• [WHAT IS EXPECTED]
Under this line are the records; write out word for word the part that begins at the line containing "RNN Red Nacional De Noticias" and ends at the line containing "low priced 980c4", and no more.

• [DATA EXTRACTS]
"""
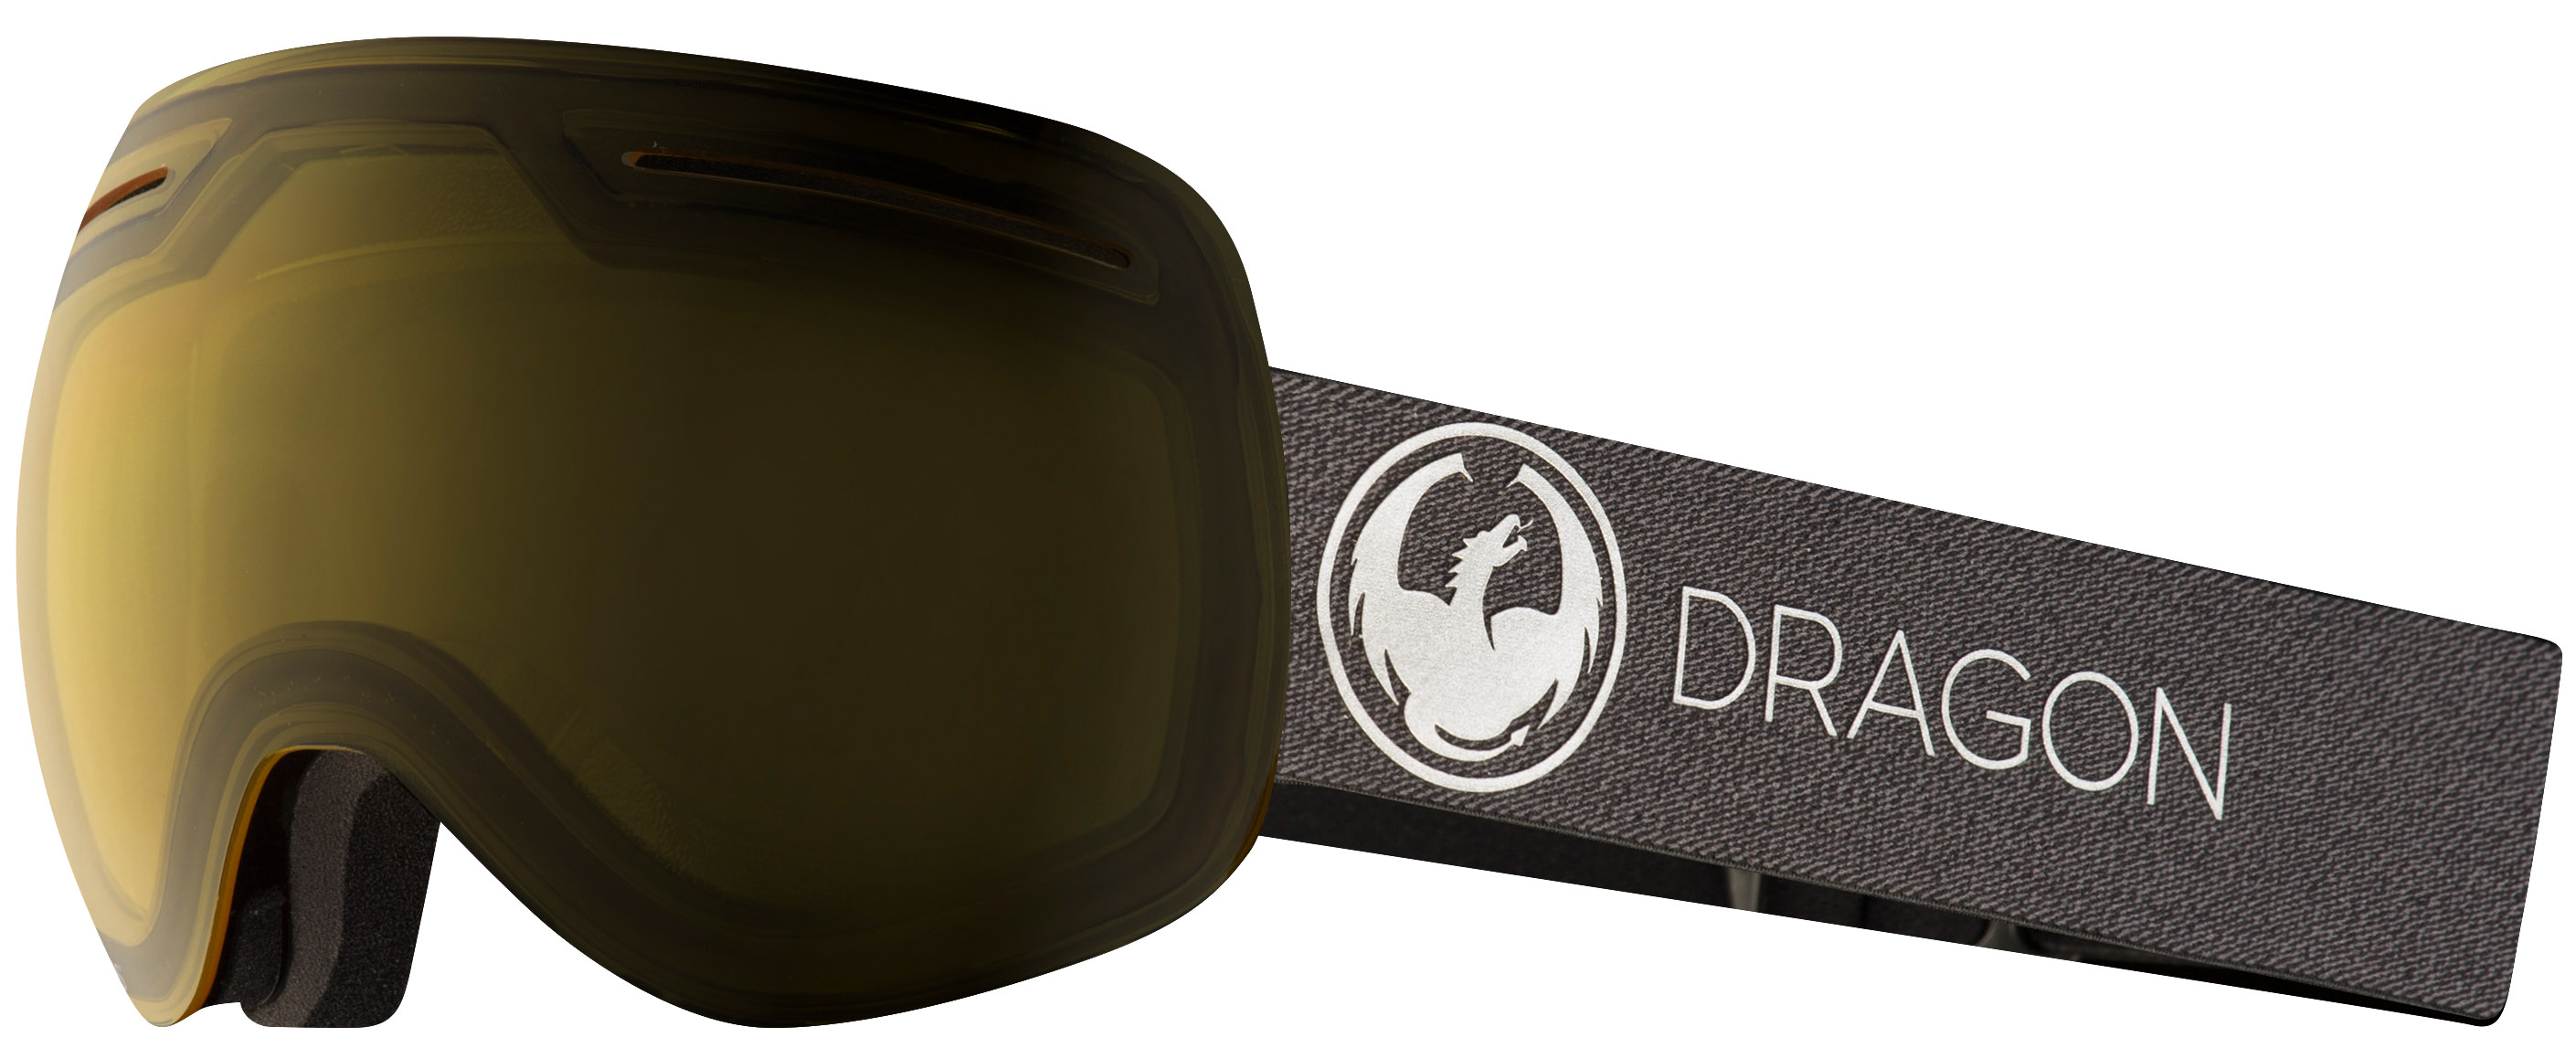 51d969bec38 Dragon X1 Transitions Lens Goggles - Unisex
"""
"""
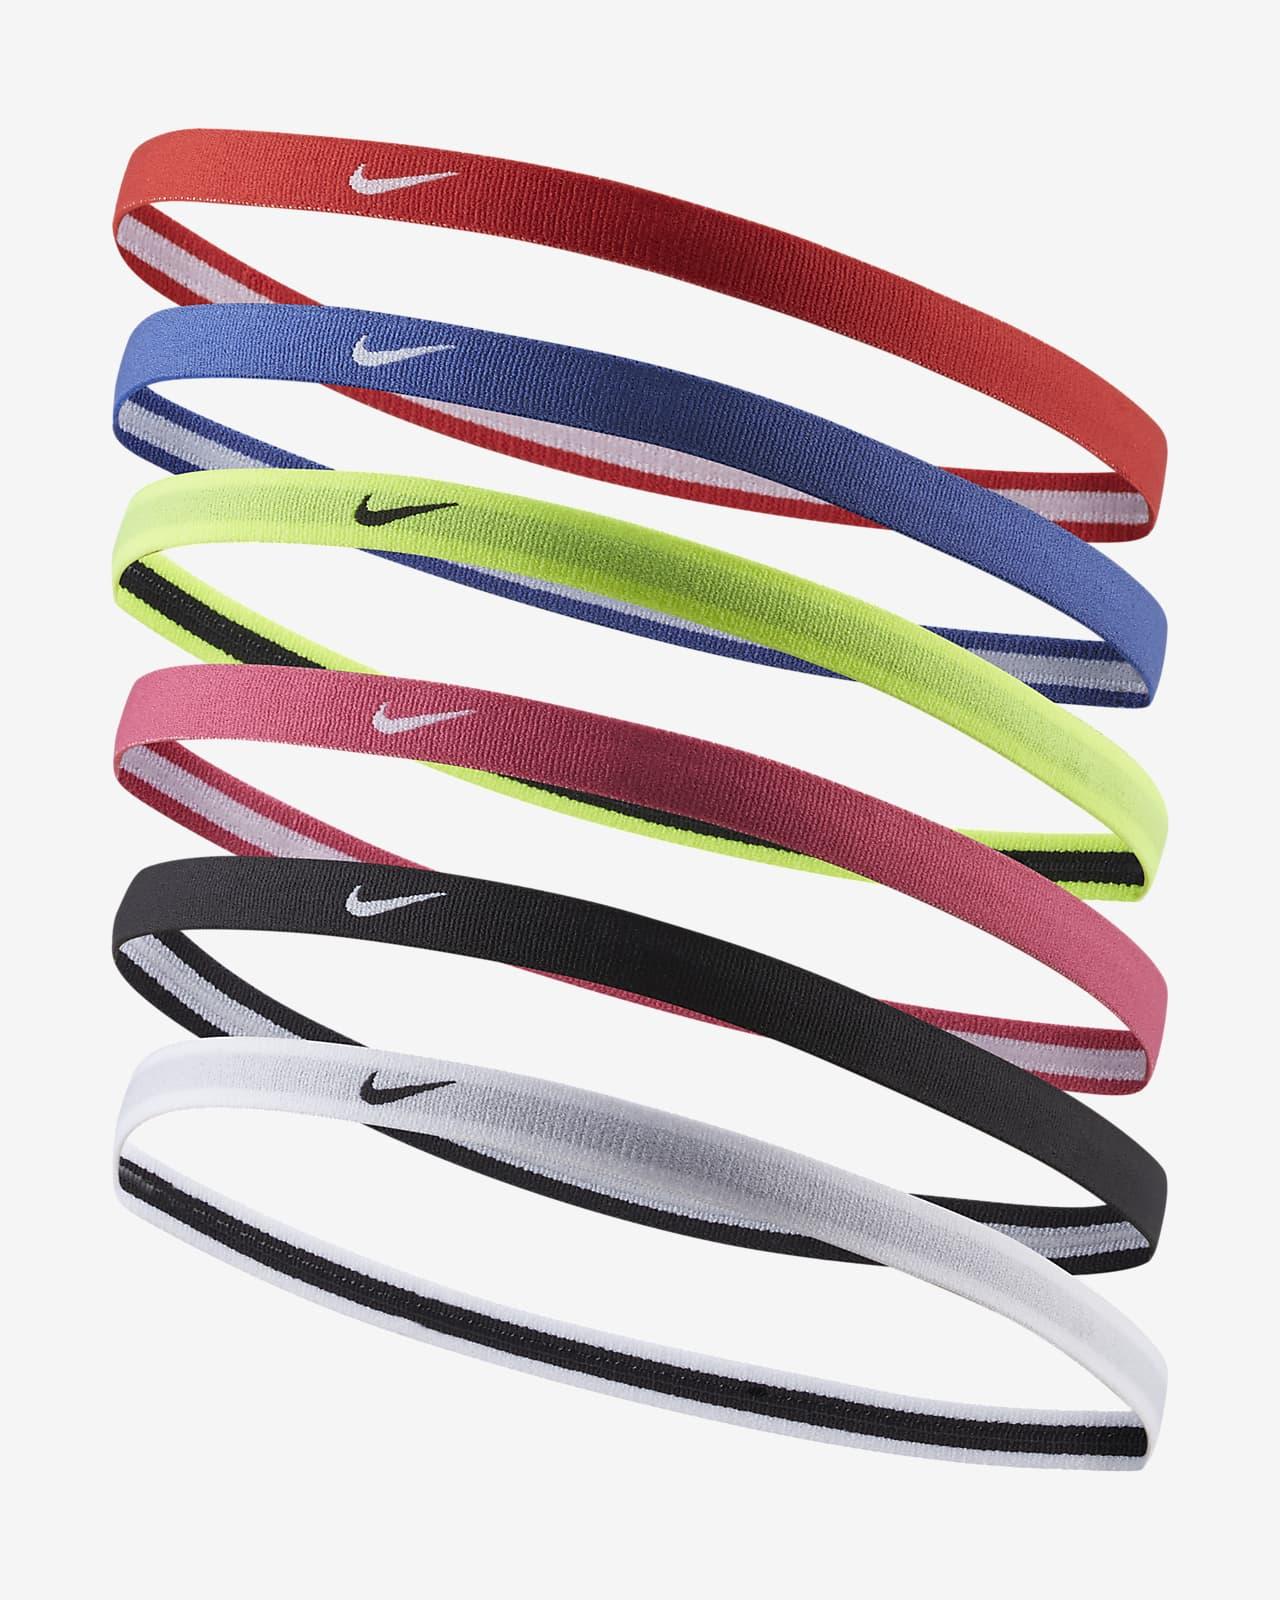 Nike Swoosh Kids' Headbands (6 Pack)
"""
"""
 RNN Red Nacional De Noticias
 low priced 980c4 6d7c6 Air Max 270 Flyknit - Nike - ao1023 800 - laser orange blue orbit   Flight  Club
"""
• [RESPONSE TO THIS EXERCISE]
 RNN Red Nacional De Noticias
 low priced 980c4 6d7c6 Air Max 270 Flyknit - Nike - ao1023 800 - laser orange blue orbit   Flight  Club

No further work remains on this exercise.